Another need is to track memory allocations. The gcc/clang compilers already have rough ways of doing this. They can easily be extended by this system to do it more completely, using a variety of features.

Adding these macros to the code changes it, but does not fork it. It’ll still work everywhere the old code did. It no more forks code than any other change.

Alternate APIs

Much of the world’s APIs need no change, as they already include buffer size information. This is ideal, just adding macros to existing function/structure definitions, but leaving execution fundamentally unchanged.

But in other cases, we’ll need to upgrade APIs. This presents difficulties.

The FORTIFY_SOURCE feature shows us how to fix the problem. When it knows the size of a buffer, it’ll replace unsafe functions with those where the size information is used. For example, when it knows the buffer size, it’ll automatically change strcpy() to the following function:

char * __strcpy_chk(char * dest, const char * src, size_t destlen);

The problem is that FORTIFY_SOURCE only supports a few inbuilt functions that do this. What we want to do is extend this with any function.

This proposal suggests something like the following:

char * FOO_strcpy(char * dest, const char * src, size_t destlen
  CHK_SIZE(dest)) CHK_REPLACES(strcpy);

The CHK_REPLACES() macro says that when it sees a call to strcpy(), and it knows the buffer size info, that it silently replaces the unsafe call with the safer call. There could be multiple replacement functions, depending upon the buffer size information known, so it picks the best one.

This allows us to change the functions at the leafs of our code, which is usually trivial, without having to go back and make substantive changes throughout the rest of the code. This greatly reduces the potential for introducing bugs into a code base. Old code in a project can continue to use the implicit version of the functions while new code can be written using the explicit versions.

Forking Libraries

Forking can be a problem for binaries (executables, libraries) as well as source.

The problem we have to consider is that an executable and libraries may not have been compiled with the same settings, may not be synchronized.

Using the last section as an example, a newer program may be compiled to swap calls to FOO_strcpy(), but the library it loads may have been an older one without that function, so you’ll get an error.

There is a solution to this. A stub FOO_strcpy() can be automatically compiled into executables that calls strcpy(), discarding the buffer size info. This can be marked as a lower priority than the library version, such that if a library supports the safer function, it’ll be used, otherwise the less safe function will be used.

This restricts our possible solutions somewhat. There are a number of solutions to problems that can be hidden by macros, but which would break libraries. For example, one possible solution to memory allocation is to allocate an additional (size_t) before pointers. This would only work if all the code in a project is compiled with the new settings.

Refactoring with warnings

A big problem with FORTIFY_SOURCE is that it gives no feedback. It’ll try to replace strcpy() with a safer version when it can, but if it can’t, the compiler will be silent, calling the unsafe function.
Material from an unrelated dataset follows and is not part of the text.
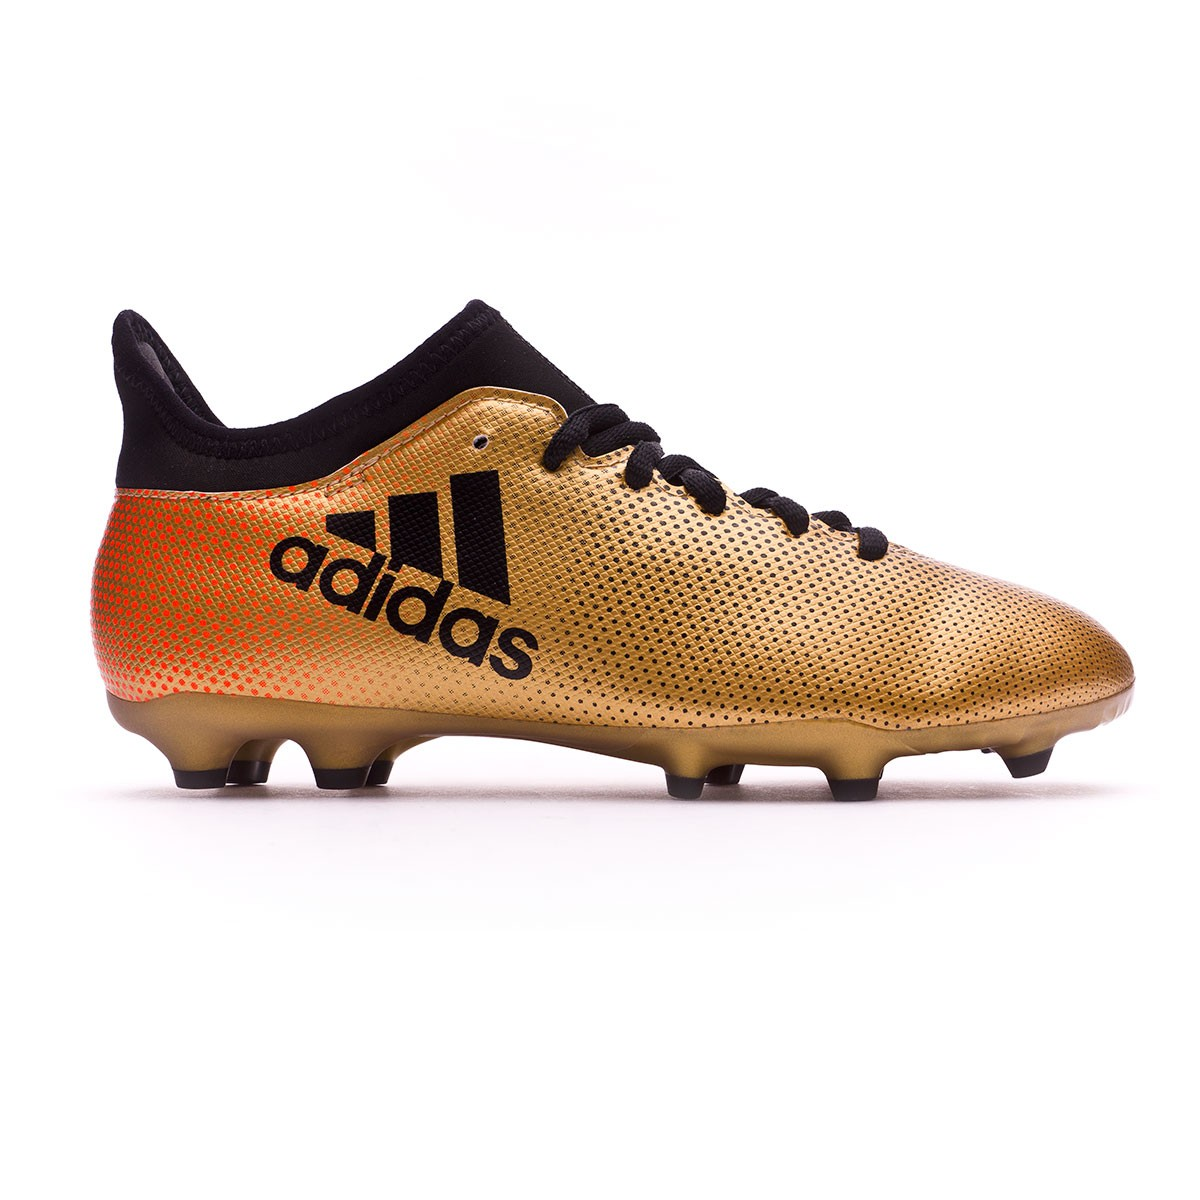 66e9a9e1b80b Football Boots adidas Kids X 17.3 FG Tactile gold metallic-Core black-Solar  red - Football store Fútbol Emotion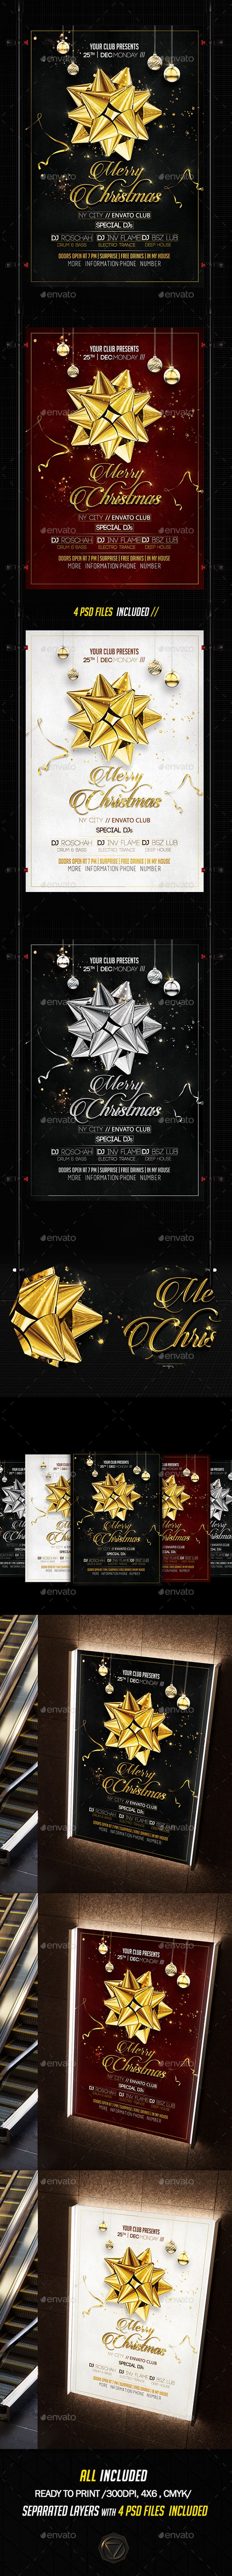 christmas flyer design template holidays events flyer design christmas flyer design template holidays events flyer design template psd here

This needs to change. If we add CHK_REPLACES() to a function, then we want to know every case where calling the replacement fails, so we can fix it.

Warnings need to be managed properly for refactoring, such as with the traditional warning levels. We want a set of check levels that become more and more aggressive the higher the level is set in command-line flags.

This allows programmers to sole the easiest problems first, then with each build solve increasingly more difficult problems. Each release would become slowly safer and safer, rather than a huge change all at once.

At the highest warning levels, we’ll want warnings even when CHK_REPLACES() succeeds. Presumably, eventually all code wants to have explicit bounds information rather than implicit calls. At that point, the unsafe functions can be completely deprecated.

Ownership

I’ve thought through the above solution only as it related to buffer-overflows. I haven’t really thought about memory allocation bugs like double-frees or use-after-frees.

Presumably, we can add macros under the same principles, things that wouldn’t demand a fork of the code, hoping to only improve the situation rather than absolutely fix it. A ton of Rust code contains the unsafe keyword, so I don’t think we need an absolute solution to be competitive in safety.

One solution would look to Rust’s “owernship” solution for inspiration.

Another solution might look to Taligent’s Pink, a 30 year old project from Apple. It had clear delineation of functions/structures that would “adopt” (take ownership) or “orphan” (give up ownership). It’s less comprehensive than Rust’s solution, but one that was designed specifically for C.

An inelegant solution

This solution is ugly. I think everyone wants a clean, neat solution that hides buffer bounds. But this solution does the opposite, it makes C uglier and uglier.

This doesn’t matter. For one thing, it fits the C philosophy of being a systems language were such language features aren’t invisible. For another thing, the only things that matters is getting something adopted. People won’t adopt pretty things that requires a fork.

Programmers will adopt this, if supported by compilers. It costs them nothing to start decorating variables and functions with macros. If nothing else, it’s self-documenting code.

We don’t even need to upgrade compilers like gcc and clang for this to add benefit. Instead, it can be added to static analyzers. They can generate warnings about unsafe buffers which can be silenced by adding such macros that they recognize.

Rust compatibility

Both C and Rust are system languages that should ideally coexist, so that it’s seamless calling from one to the other.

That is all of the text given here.